The project, the brainchild of Professor Grigoris Antoniou at the University of Huddersfield, harnesses AI technology to fast-track help for those with an obvious diagnosis.

“There are long and growing waiting lists, as people wait to be diagnosed and treated, and this can result in adverse effects on their work, their social life and their family life,” said Professor Antoniou.

He said one reason for the lengthening waiting time is the shortage of specialist clinicians able to make a full diagnosis.

“So, we set out to use AI to provide help with decisions. The idea is that the AI technology will be able to identify the clear-cut cases. In many cases, the data itself more or less tells us whether it is a ‘yes’ or a ‘no’ for further treatment.

“The technology is fully embedded in a clinical pathway, which ensures there will always be a clinician who can override what the AI says.”

Data routinely collected prior to an ADHD diagnosis is fed into an AI algorithm and produces three outcomes – yes or no to further treatment or an unclear result that requires further assessment of the patient.

Professor Antoniou said two types of AI technology had been harnessed for the project.

“One is machine-learning-based. We took data from previous cases and trained a prediction model,” he said.

“The second method is knowledge-based. We worked with clinical experts and asked what their diagnosis would be if they are faced with this data. We then encoded this knowledge.”

Professor Antoniou is a globally acknowledged expert in AI and has already helped to develop its potential to predict suicide risk in mental health patients.

The AI solution to diagnosis was developed by Professor Antoniou with his collaborator Professor Marios Adamou, a consultant psychiatrist at South West Yorkshire NHS Trust and a visiting professor at the University of Huddersfield.

“It is the close interplay of AI and medical expertise that has made this development possible,” Professor Antoniou said.

“It is important to have such interdisciplinary collaborations between computer science and health science at Huddersfield.”

The technology could result in significant cost savings for the National Health Service.

The project is being backed by Grow MedTech, which provides specialist support for innovation in medical technology, involving a consortium that includes Leeds, York, Bradford, Sheffield Hallam and Leeds Beckett universities.

Its assistance will enable Professor Antoniou and his collaborators to explore the commercialisation of the product.

The work is taking place at the university’s Planning, Autonomy and Representation of Knowledge Research Centre under the leadership of Professor Antoniou with researchers Ilias Tachmazidis and Tianhua Chen.

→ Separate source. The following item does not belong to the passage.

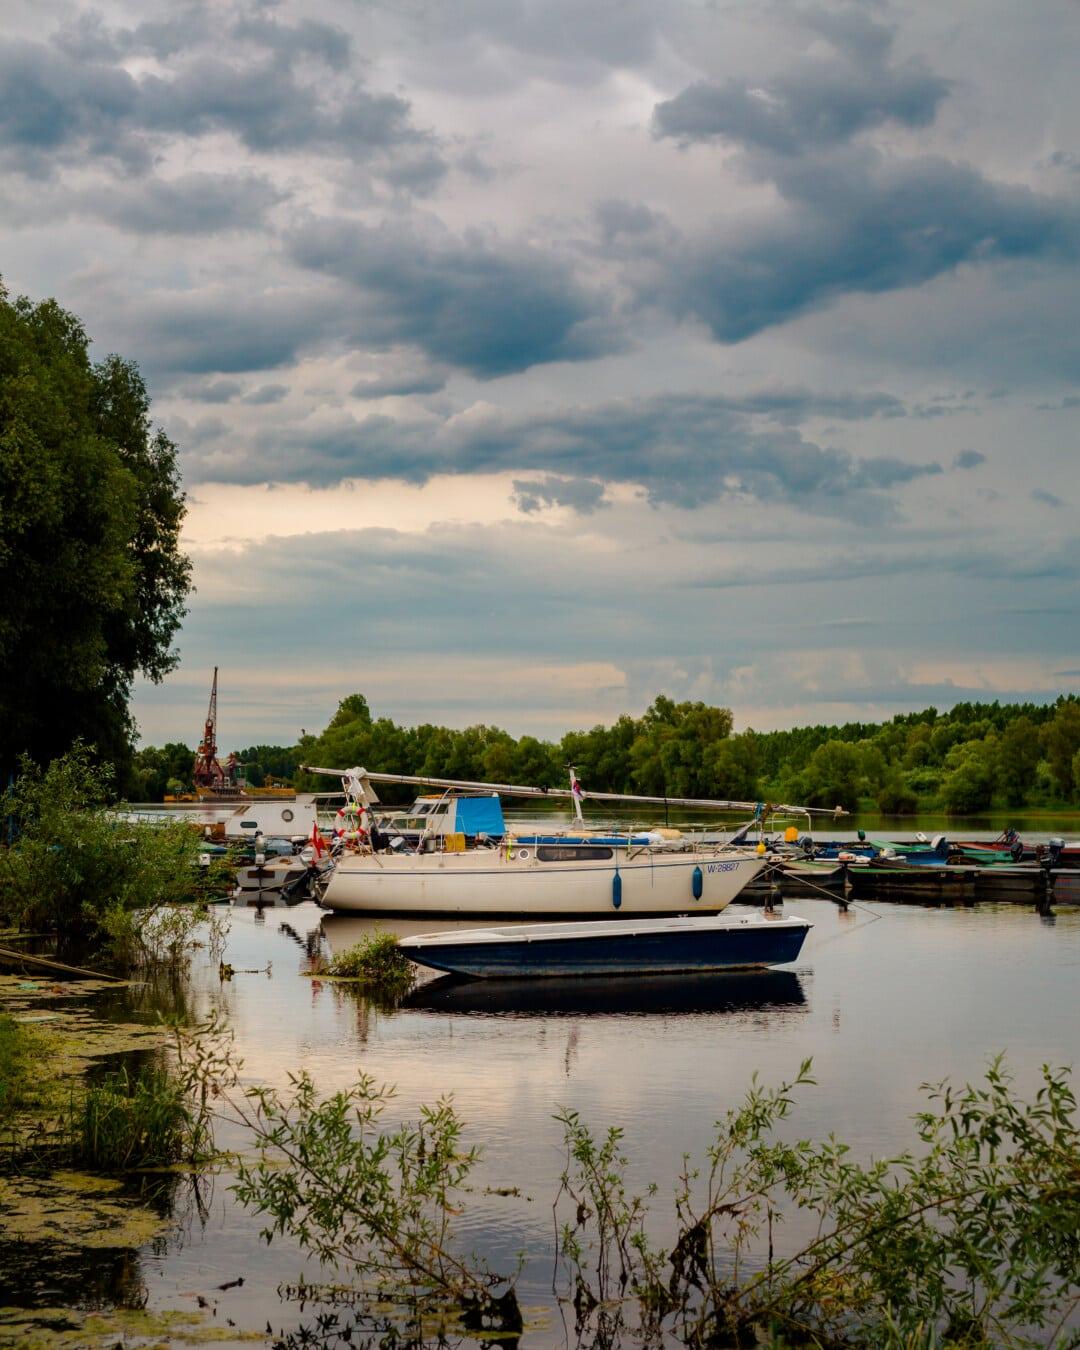 bateaux, voilier, bateau de rivière, berge, rive, rivière, bateau, eau, remise à bateaux, Lac
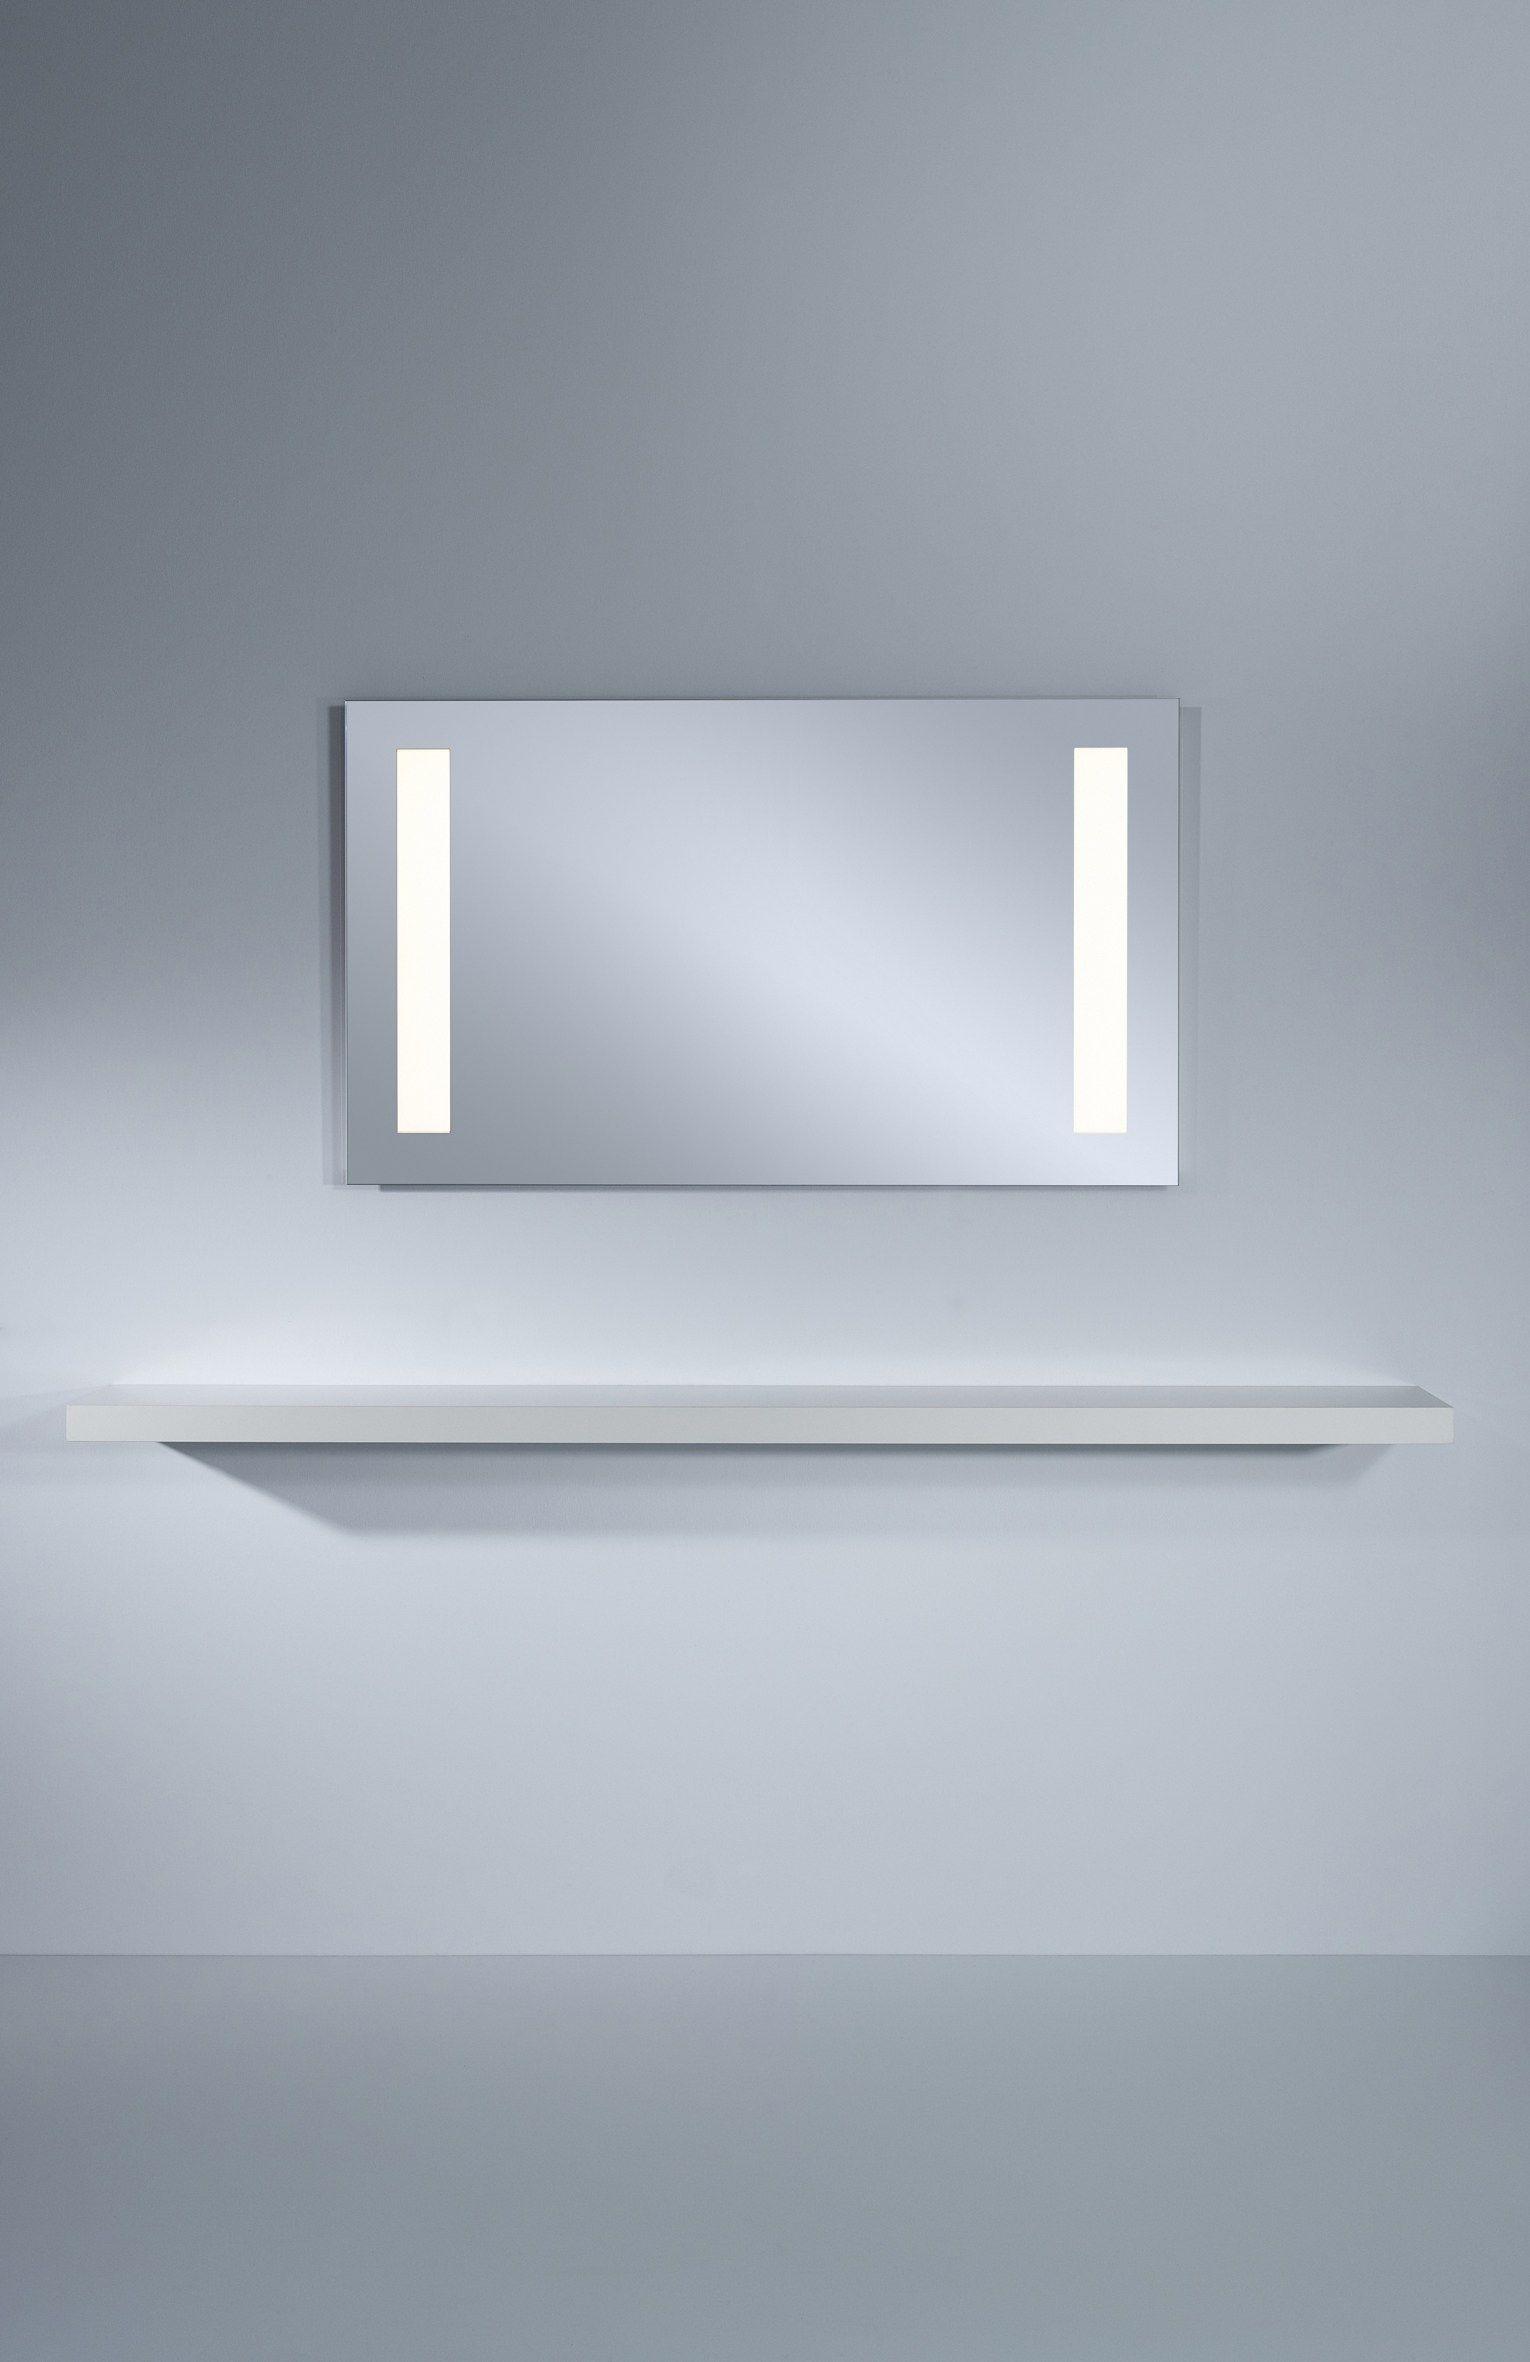 Miroir mural avec clairage int gr b pure by deknudt mirrors for Miroir avec eclairage

The UK has an estimated 1.5 million adults with ADHD. In adults, it can cause emotional symptoms that include extreme irritability, low self-esteem and a sense of insecurity, trouble staying motivated and hypersensitivity to criticism. These problems can result in poor organisational skills, trouble starting and finishing projects, and chronic lateness.

The Royal College of Psychiatrists has also said that people with ADHD were more likely to be involved in criminal behaviour or become suicidal.